------ DATA SECTION ------

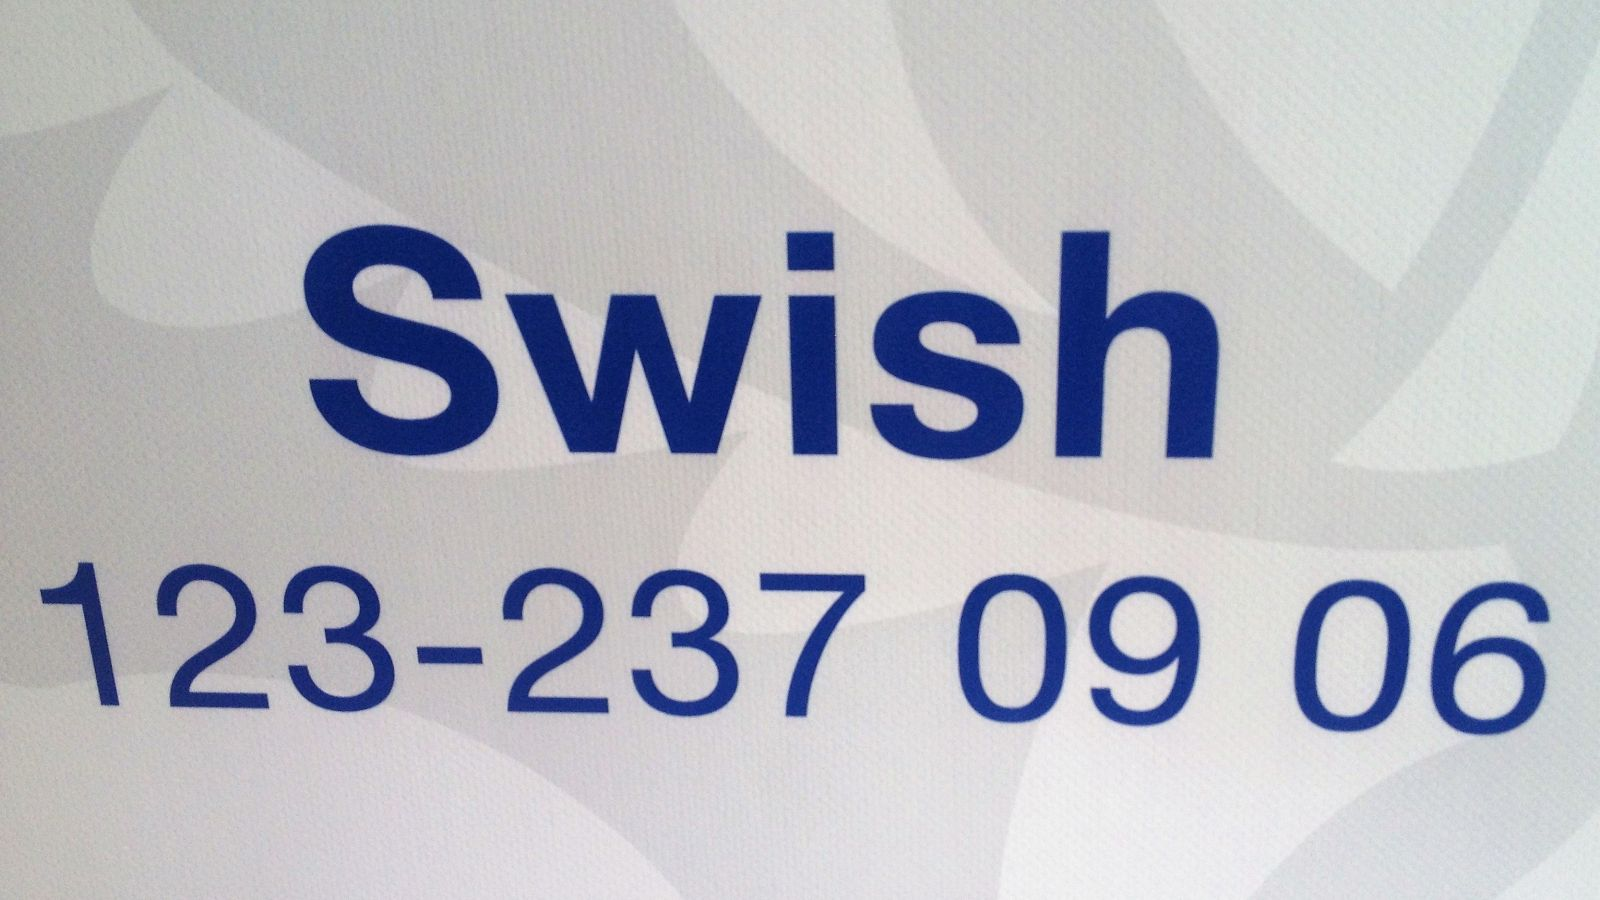 Lions Club Gnesta har Swish-nummer 123-237 09 06
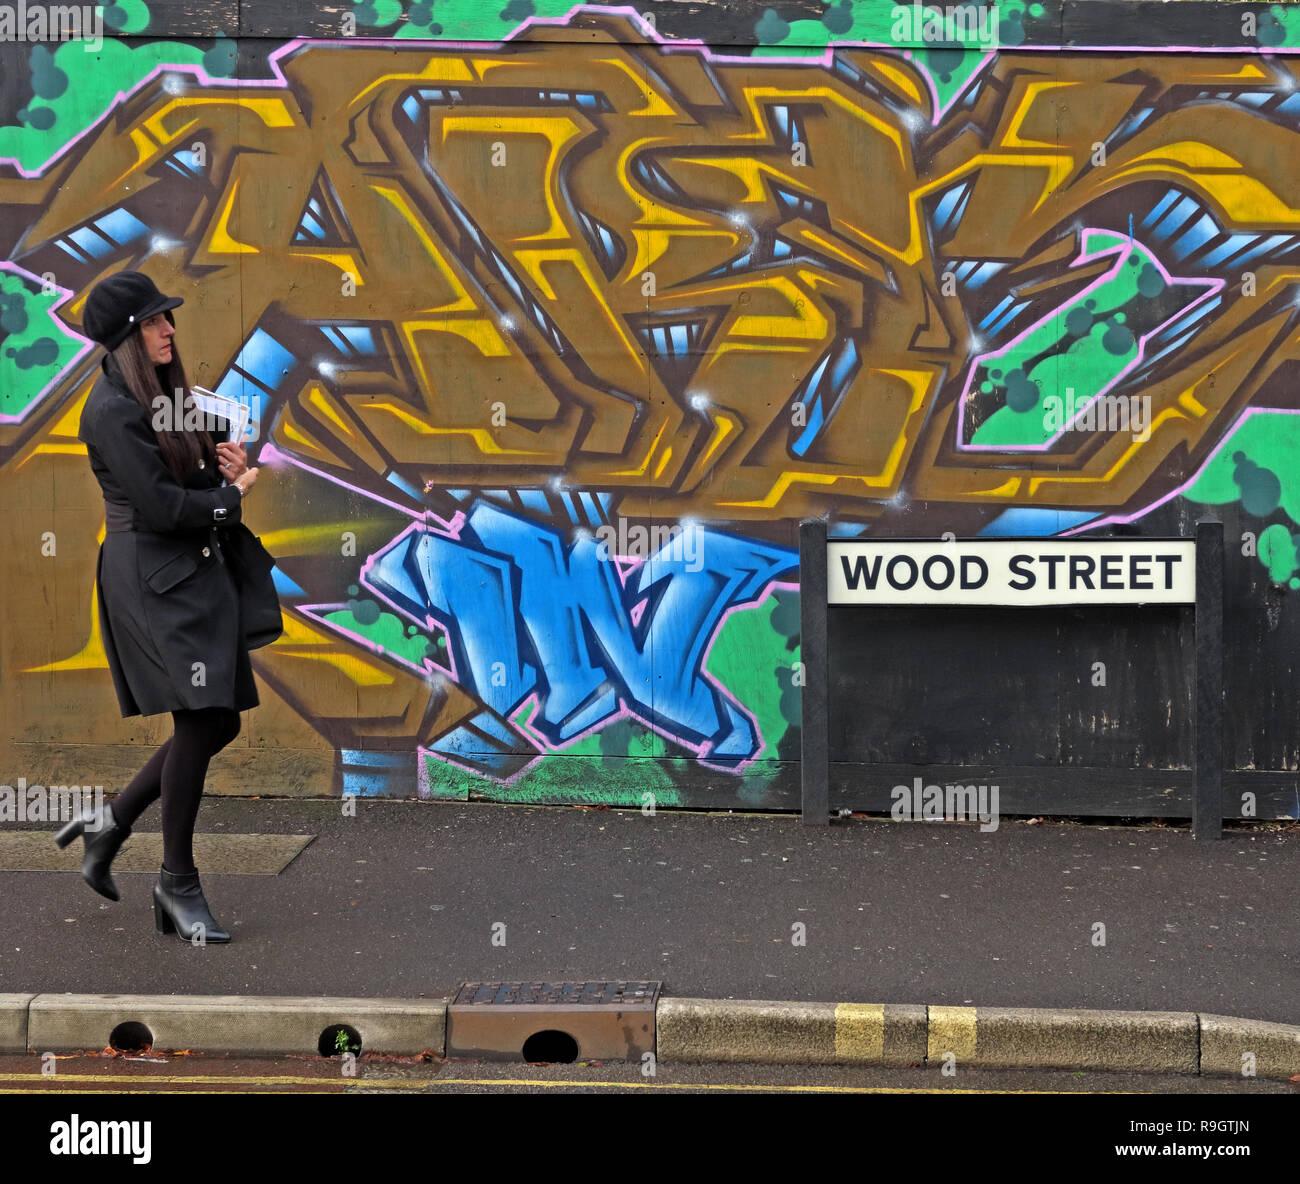 GoTonySmith,@HotpixUK,HotpixUK,Somerset,South West England,UK,Woman in black,walking past graffiti,colorful,colourful,contract,lady,walks,walking,walking past,TA1
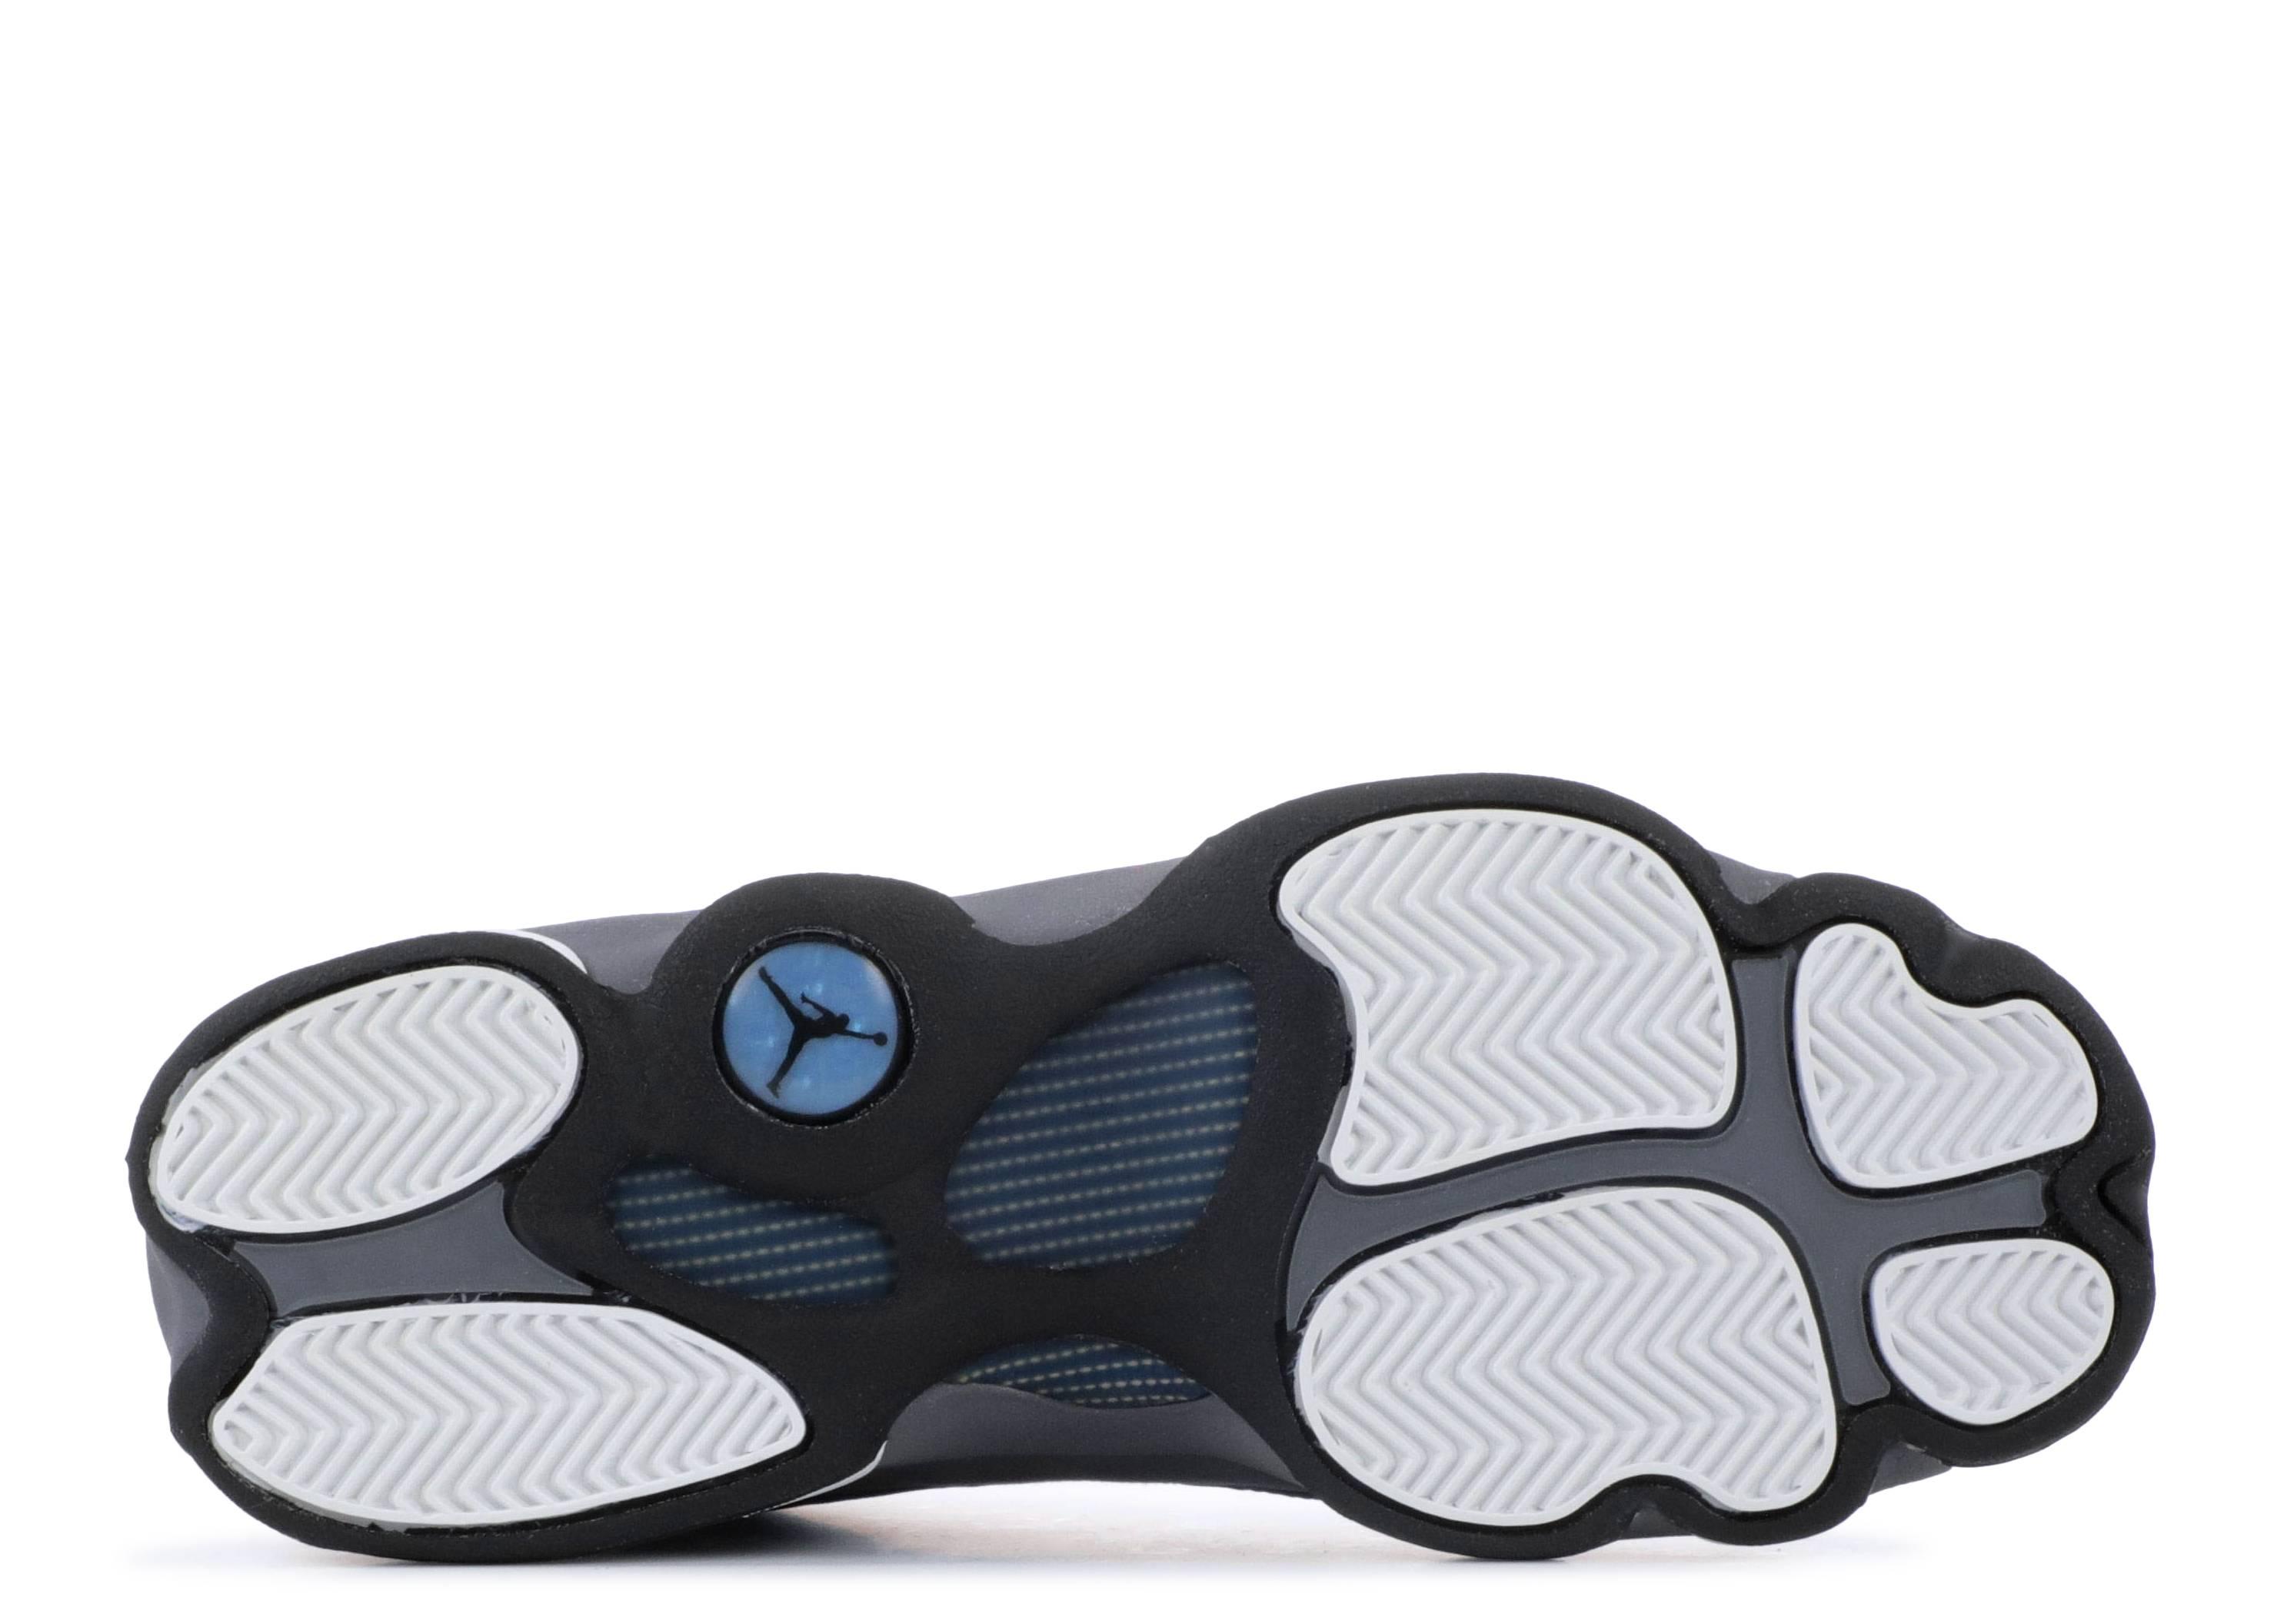 0bb6df3382cf9 Air Jordan Retro 13 (gs) - Air Jordan - 310271 441 - french blue ...

------

__WHAT YOU ARE ASKED TO DO__. The full listing, transcribed exactly and without its pictures, is the expected result.

__RESULT OF THIS TASK__.
 Lions Club Gnesta har Swish-nummer 123-237 09 06
 GoTonySmith,@HotpixUK,HotpixUK,Somerset,South West England,UK,Woman in black,walking past graffiti,colorful,colourful,contract,lady,walks,walking,walking past,TA1
 0bb6df3382cf9 Air Jordan Retro 13 (gs) - Air Jordan - 310271 441 - french blue ...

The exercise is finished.